* _Activity_
Would you print the listing that follows exactly, but without its pictures?

* _Data shown_

--*--

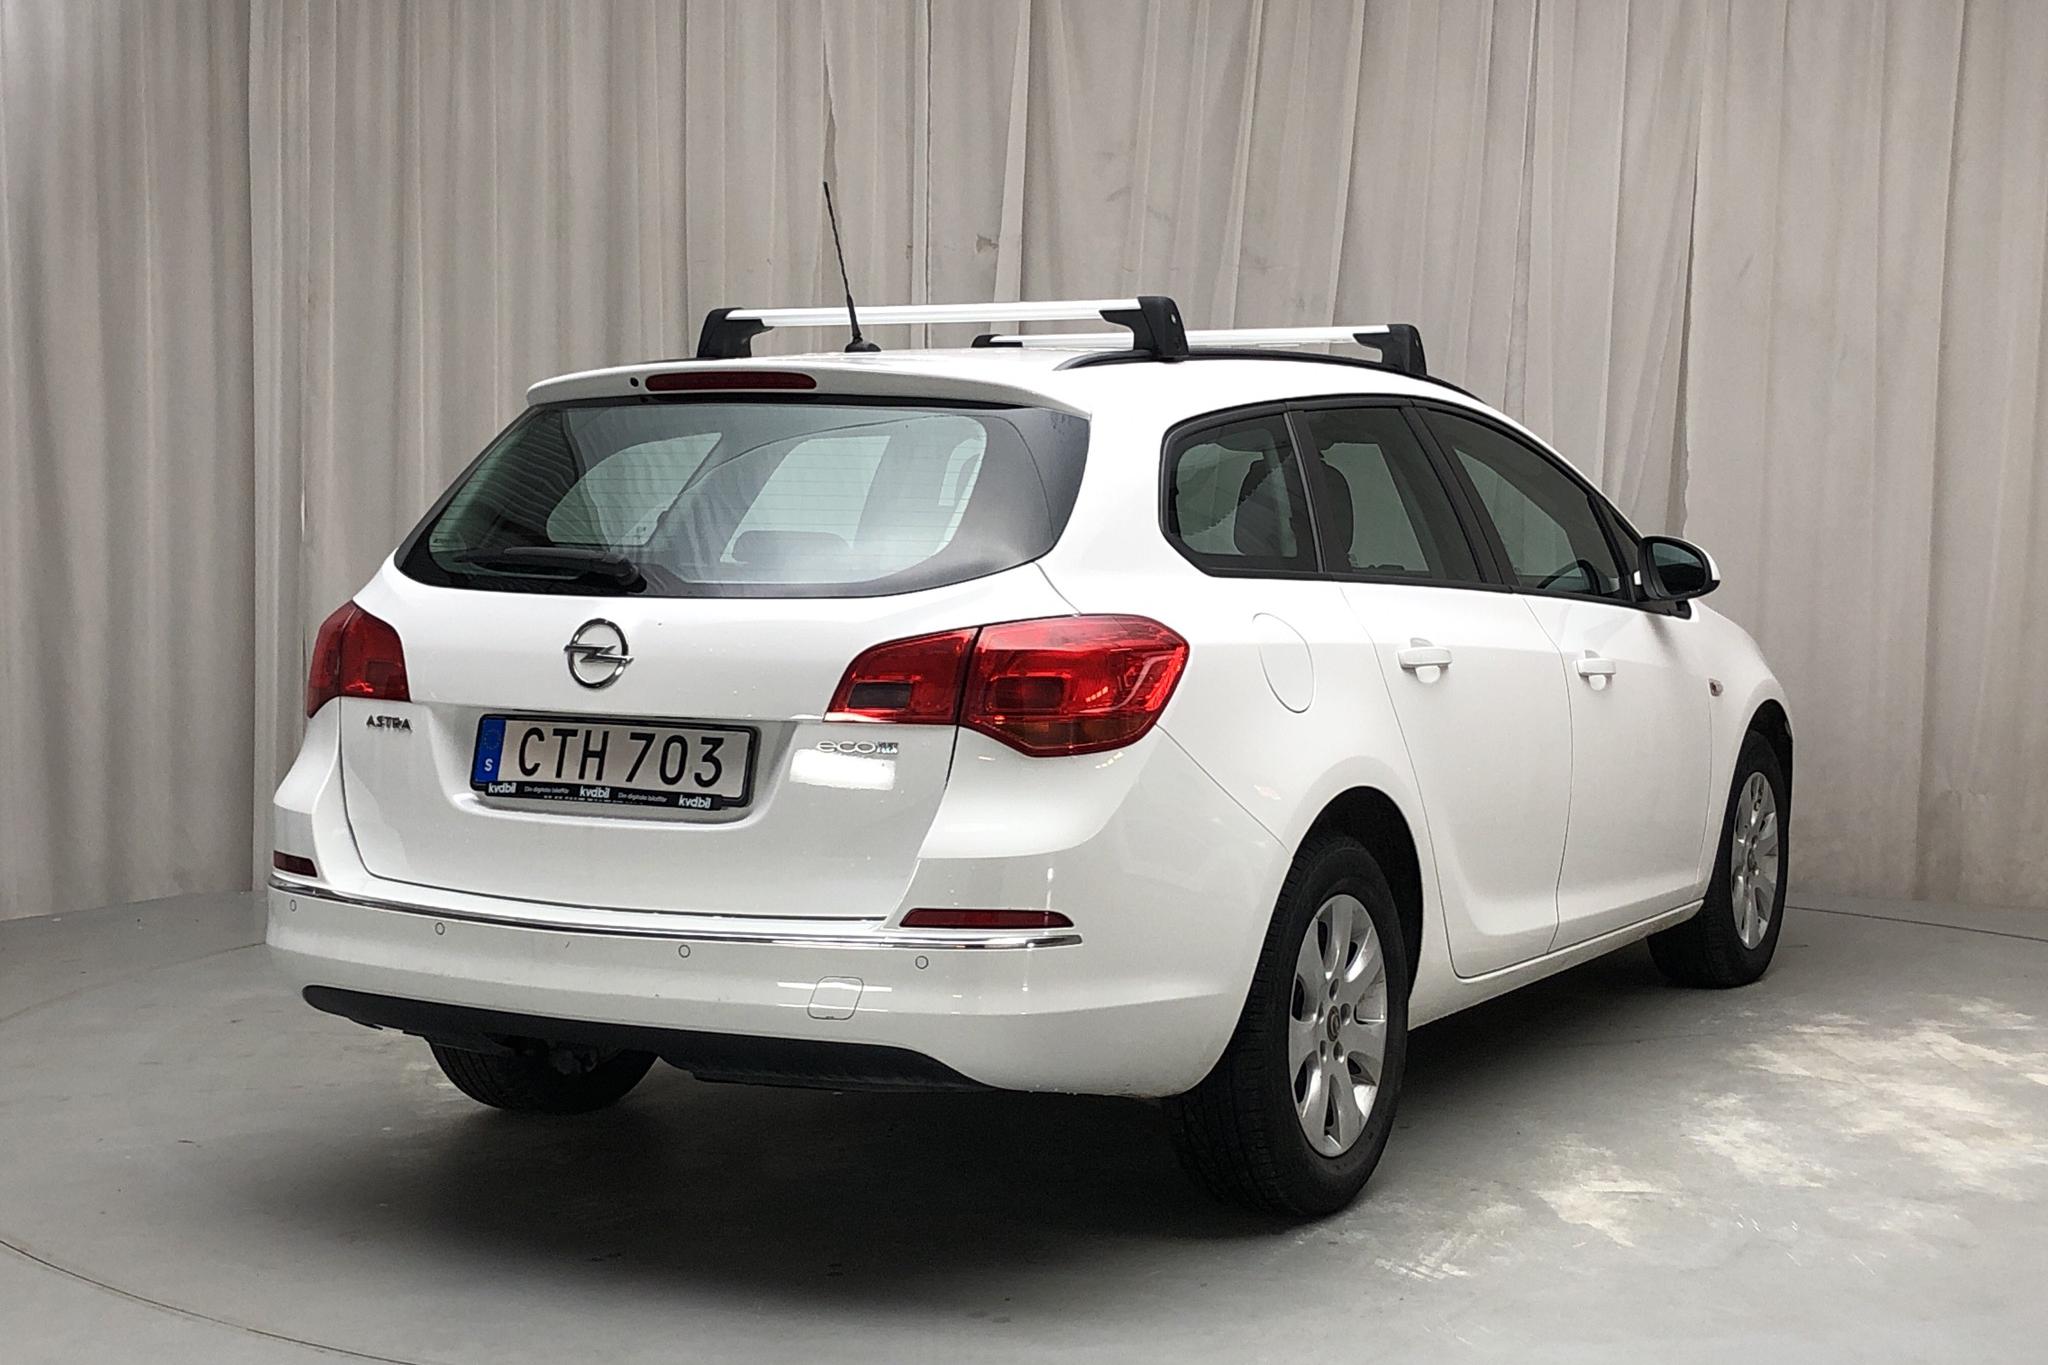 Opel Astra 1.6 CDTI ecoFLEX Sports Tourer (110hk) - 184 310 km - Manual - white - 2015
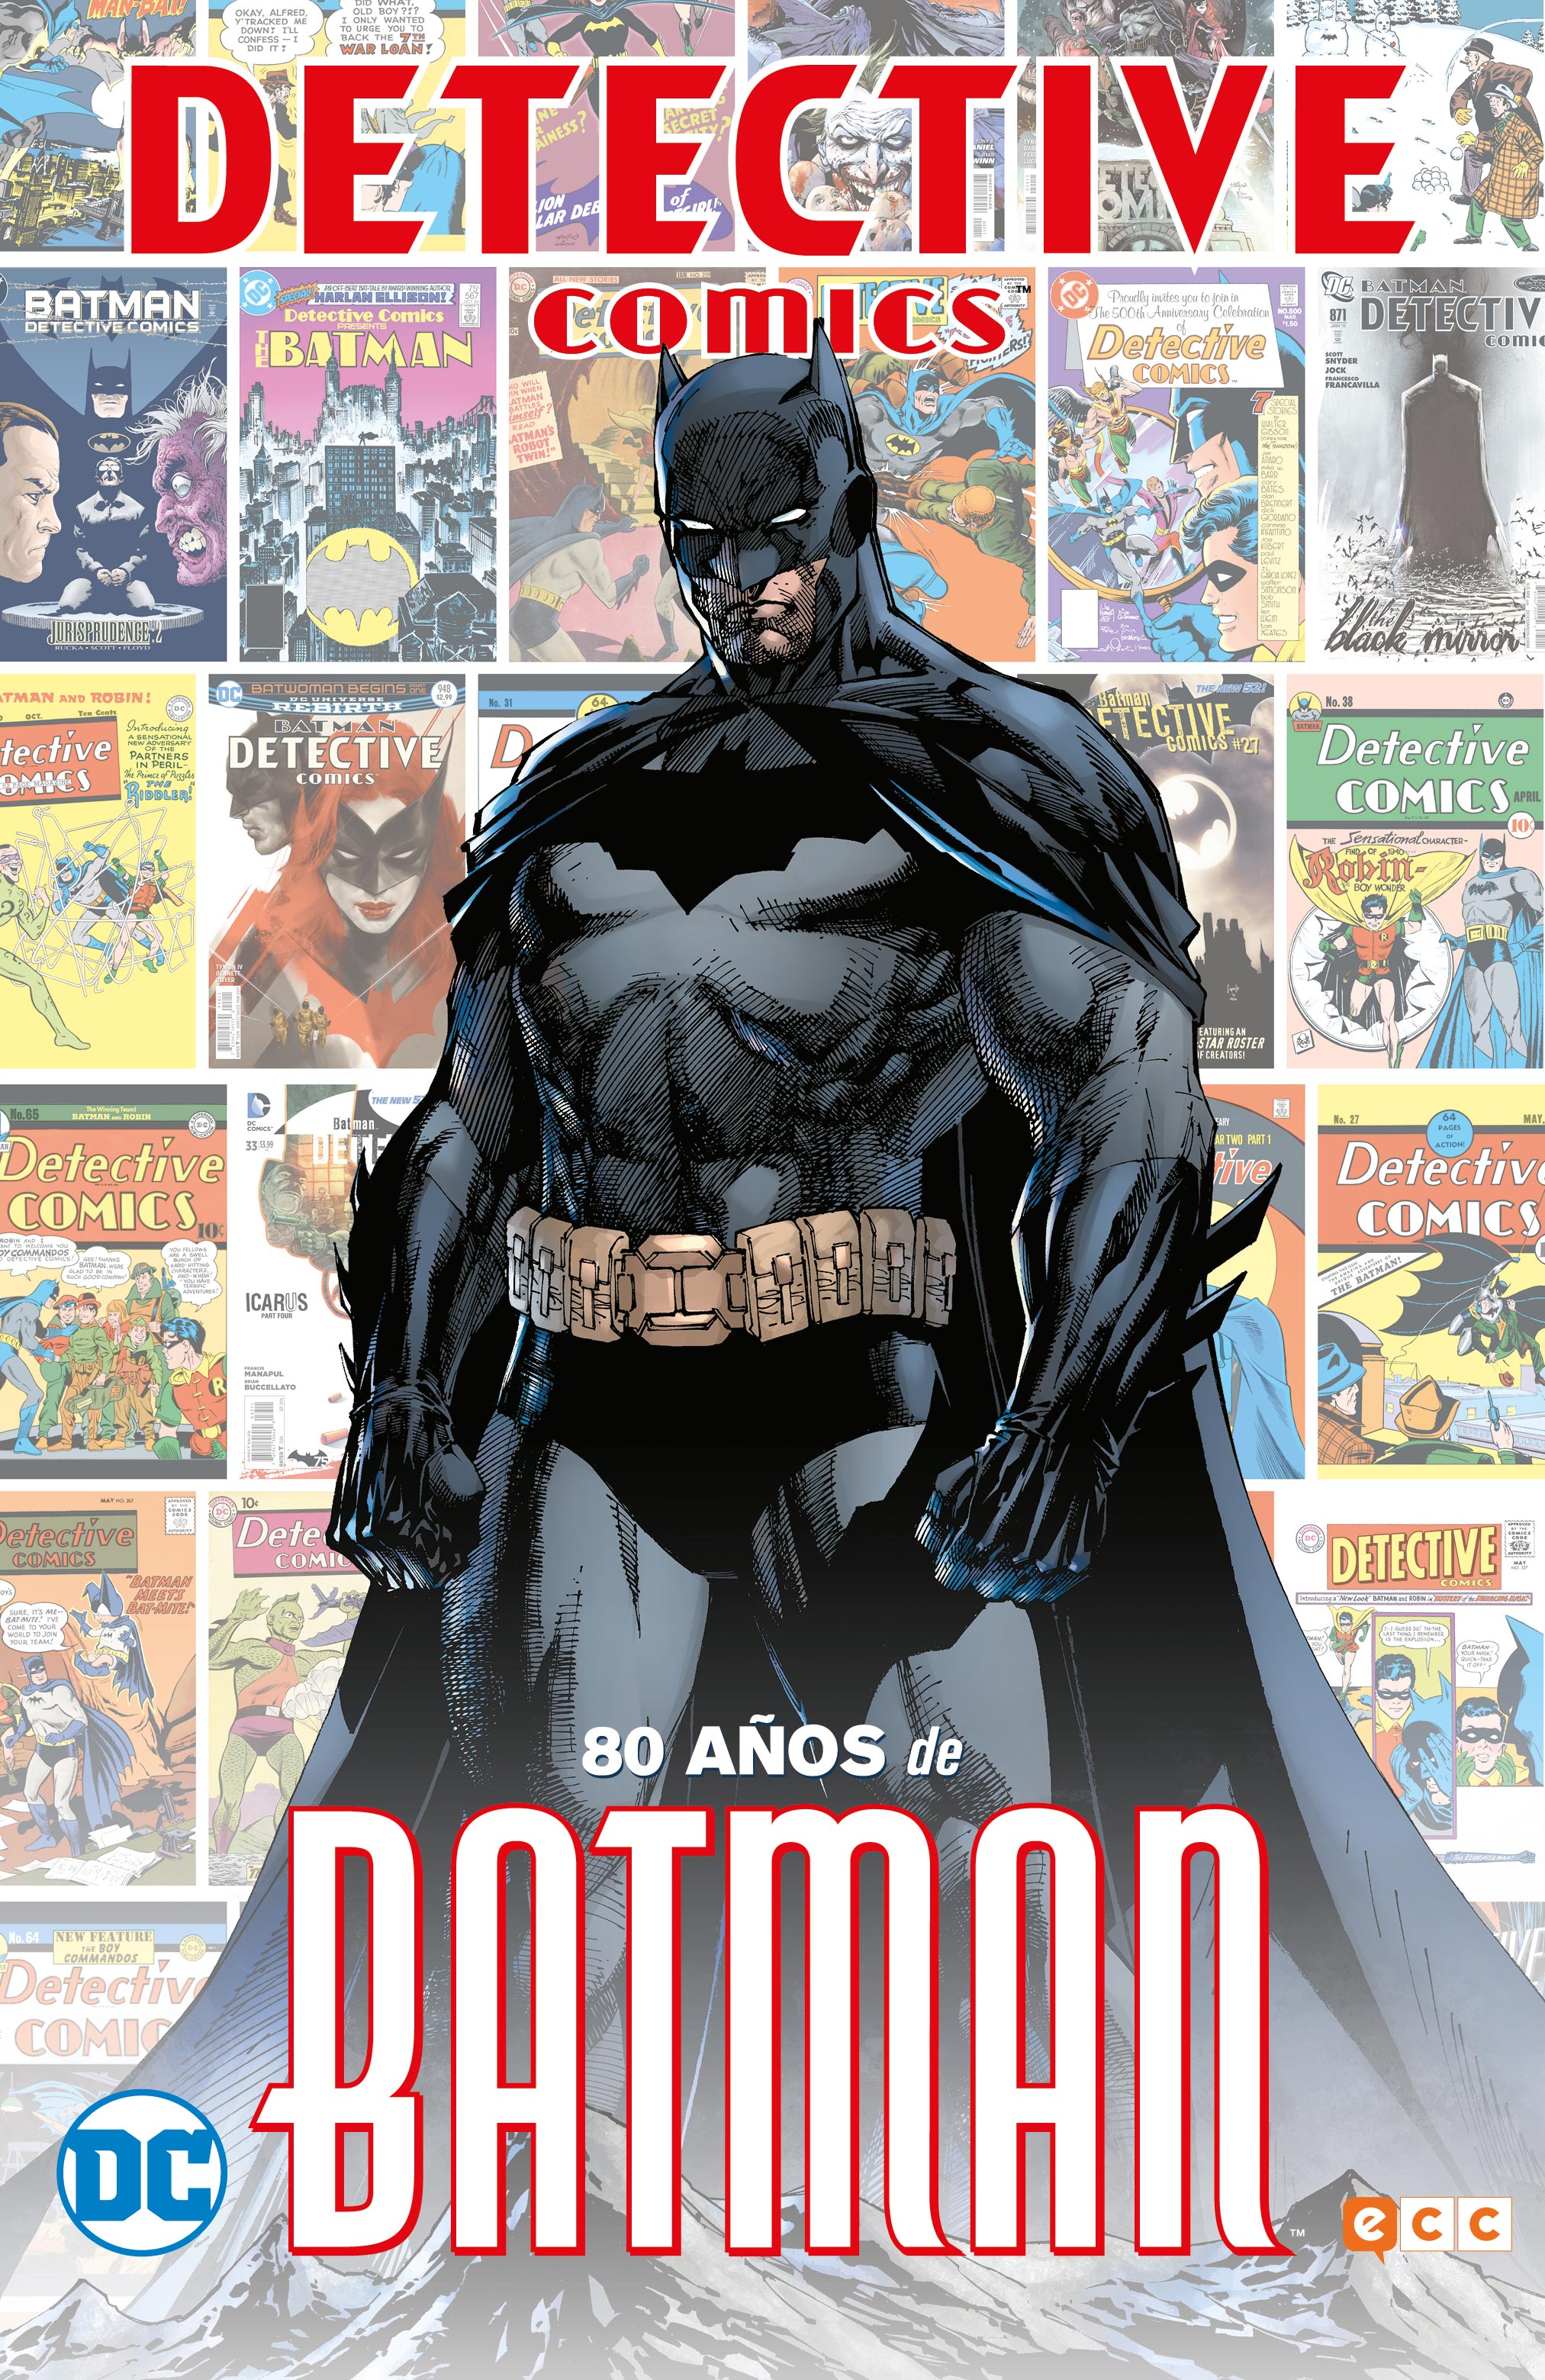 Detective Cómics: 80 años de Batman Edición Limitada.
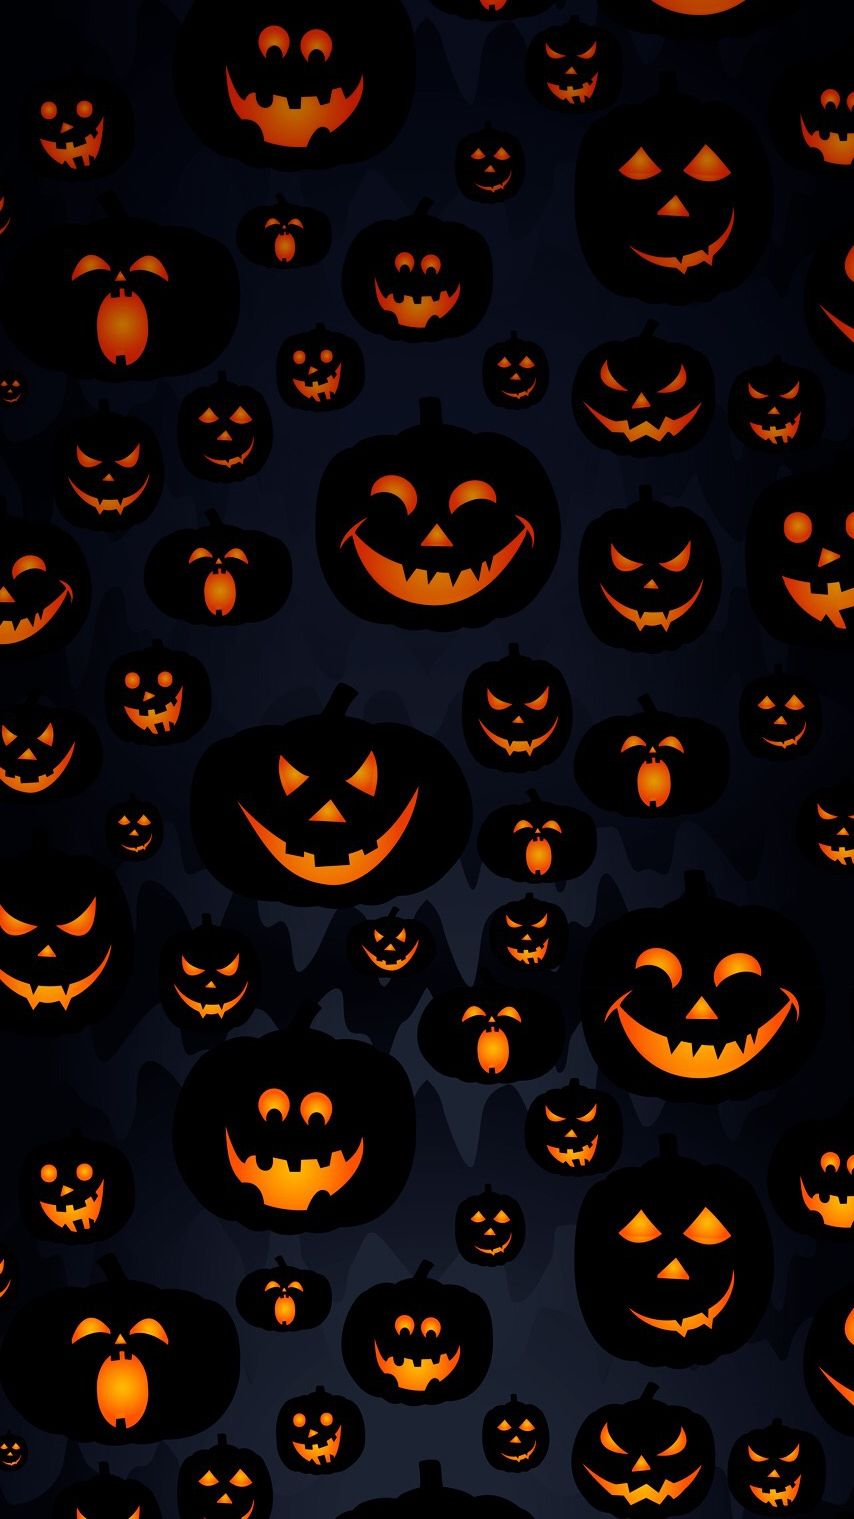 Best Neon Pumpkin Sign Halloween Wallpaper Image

--*--

* _Output for this task_
 Opel Astra 1.6 CDTI ecoFLEX Sports Tourer (110hk) - 184 310 km - Manual - white - 2015
 Detective Cómics: 80 años de Batman Edición Limitada.
 Best Neon Pumpkin Sign Halloween Wallpaper Image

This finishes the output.